Она не поняла, кто первый начал, она или он, но в следующее мгновение его рот оказался над ее ртом, и Вэл почувствовала, как он упирается ей в живот, твердый под джинсами. Гэвин перевернулся, частично зажав ее под собой, запах земли поднялся, когда они потревожили верхний слой почвы, и он поцеловал ее с такой разрушительной силой, которая топит целые корабли.

Вэл ухватилась за его широкие плечи, чувствуя, что тонет.

Чувствовала, что хочет утонуть.

— М-м-м... — Его рот пламенел на ее коже. — Такая нетерпеливая.

Она позволила своим ногтям впиться в безупречный участок бледной кожи, и он убрал ее руки с плеч, прижав их к бокам. Его тело было длинным и худым, широкая грудь покрыта легким пушком. В ее душе что-то перевернулось, когда он посмотрел на нее с диким голодом, его лицо в угасающем свете исказилось. Он надавил на ее запястья.

— Не двигайся.

Не в силах говорить, Вэл покачала головой.

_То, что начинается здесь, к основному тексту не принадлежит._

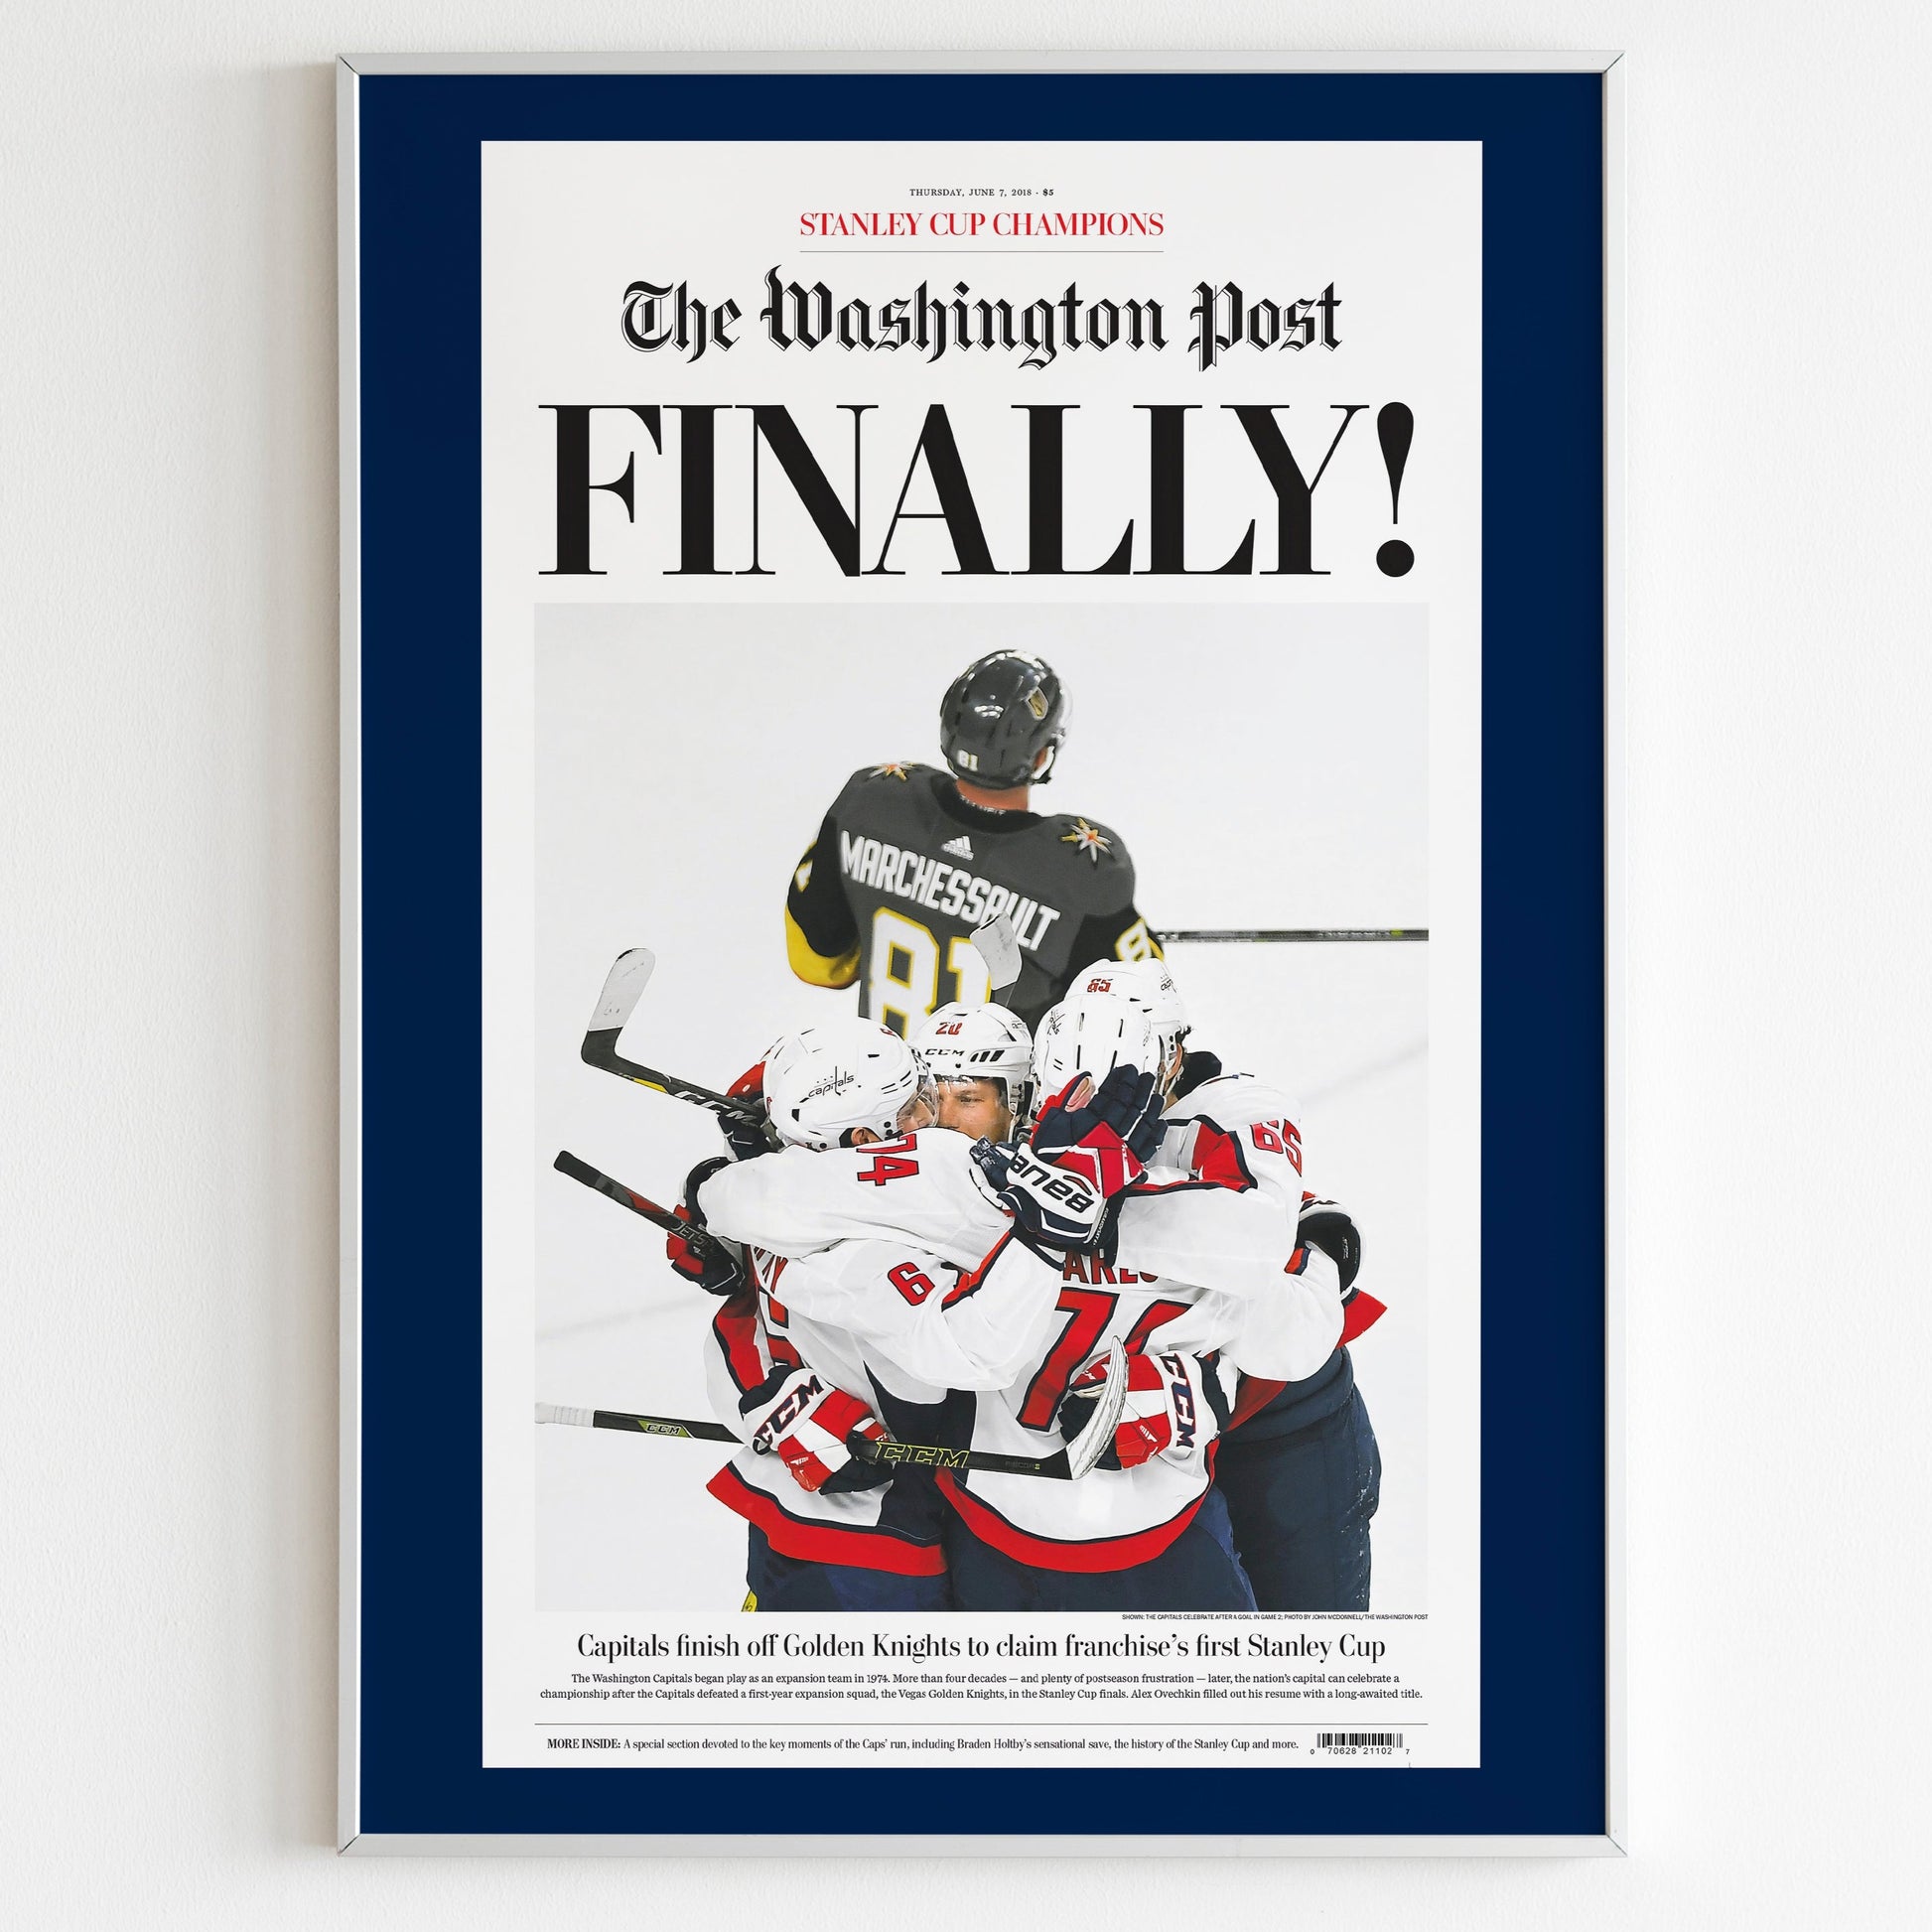 Washington Capitals 2018 NHL Stanley Cup Champions Front Cover The Washington Post Poster, Newspaper Front Page, Hockey USA Team Magazine

Откинувшись назад, он стянул с себя джинсы. Его член выскользнул на свободу, испещренный голубыми венами. Головка окрасилась в насыщенный розовый цвет и блестела на кончике. Она почувствовала, как он коснулся ее живота, когда Гэвин толкнул ее назад, переползая через нее и накрывая их одеялом, как саваном. Ее сердце пульсировало, как открытая рана.

Тело Вэл, казалось, было утыкано булавками и иголками, всплески разрядов, похожие на статическое электричество, возникали там, где его кожа прижималась и скользила по ее коже. Его член терся о ее щель. Она неуклюже раздвинула ноги, забыв о его приказе. Он тихонько зарычал на нее.

— Не двигайся.

Гэвин прижимался к ее отверстию, ее кожа только начинала растягиваться для него. Но он приостановился, еще не ворвавшись в нее.

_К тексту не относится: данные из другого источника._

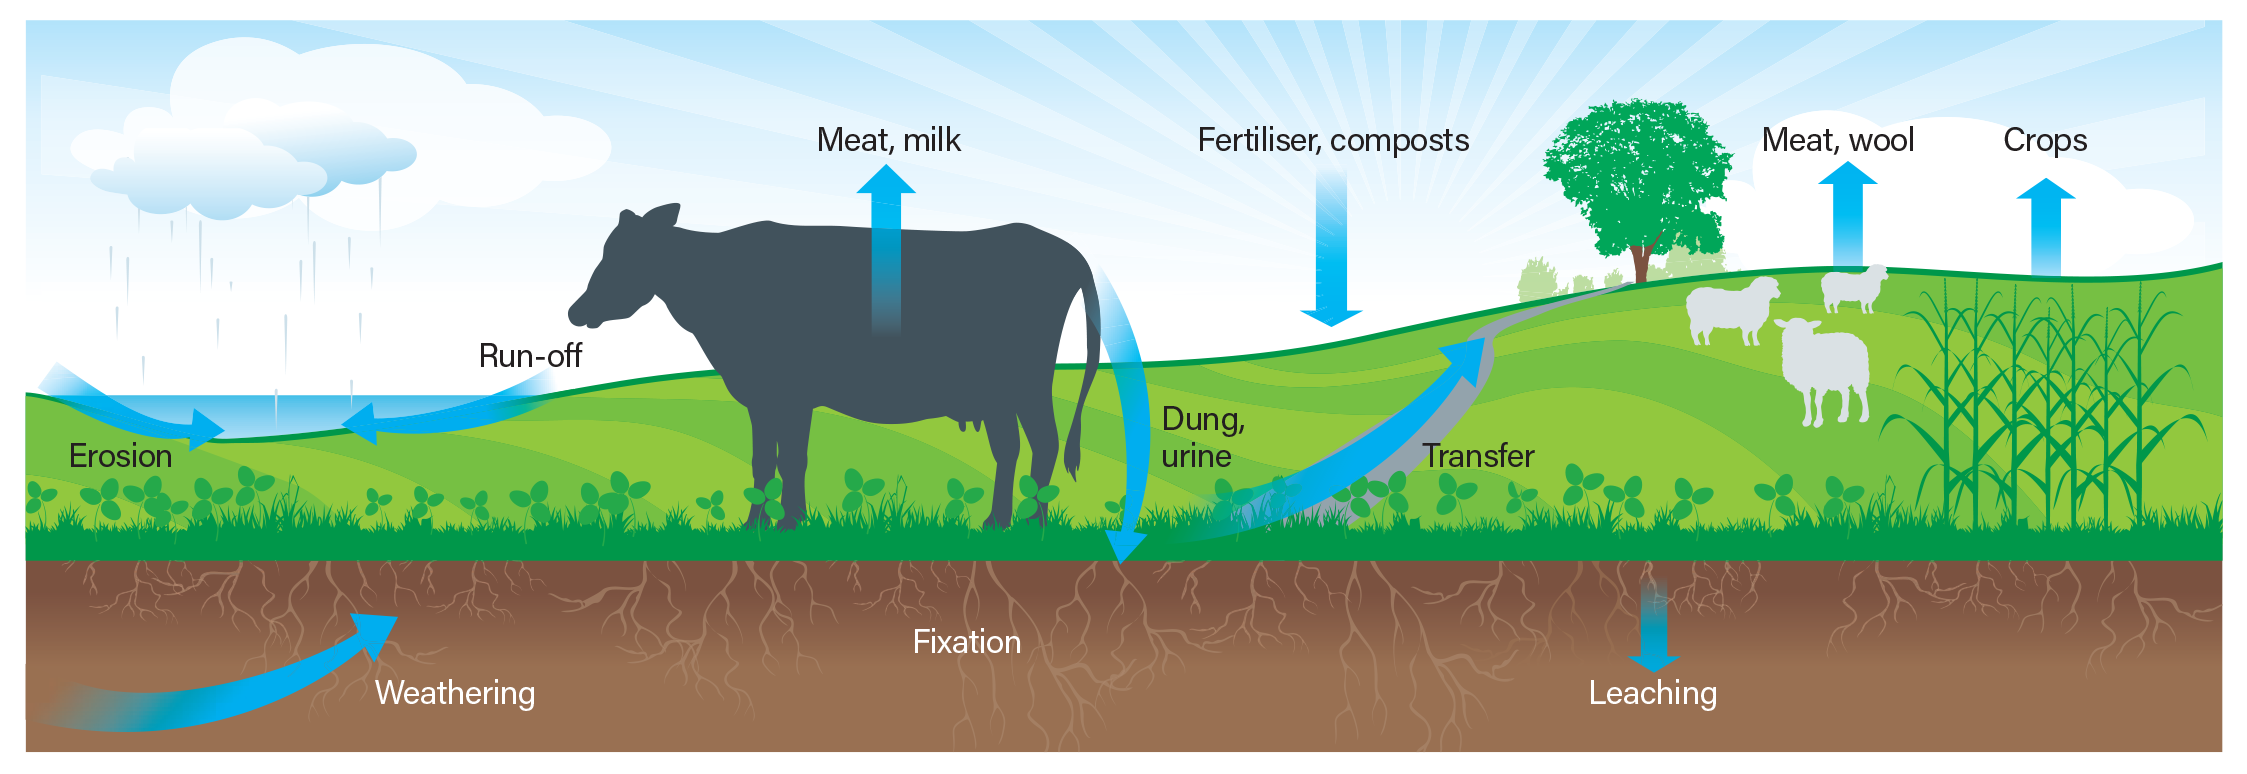 The major features of the phosphorus cycle on a pastoral farm

— На этот раз, — сказал он с заминкой в голосе, когда его дыхание наконец изменилось, — ты не сбежишь, Вэл.

— Я знаю. — Вэл отвела глаза. — Я сделаю все, что ты скажешь.

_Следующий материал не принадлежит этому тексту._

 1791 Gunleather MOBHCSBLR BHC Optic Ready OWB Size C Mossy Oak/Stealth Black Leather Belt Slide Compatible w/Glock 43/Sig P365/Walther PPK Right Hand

Она застонала, когда он частично вошел в нее. Его руки лежали по обе стороны от ее плеч, лицо находилось над ее лицом. Задыхаясь, Вэл выгнулась дугой в бессознательной попытке принять его глубже, и Гэвин с необычайной нежностью толкнул ее обратно вниз, проскользнув еще немного глубже.

— Пожалуйста, — вздрогнув, попросила она.

— Покончим с этим, — сказал он. — Доведи нашу маленькую игру до конца.

Вэл уставилась на него, не зная, что он хочет от нее услышать...

Пока, с чувством ноющего отчаяния, не поняла.

— Я сдаюсь, — сказала она ему.

Он толкнулся сильнее.

И земляной потолок, казалось, разбился, как хрупкое стекло.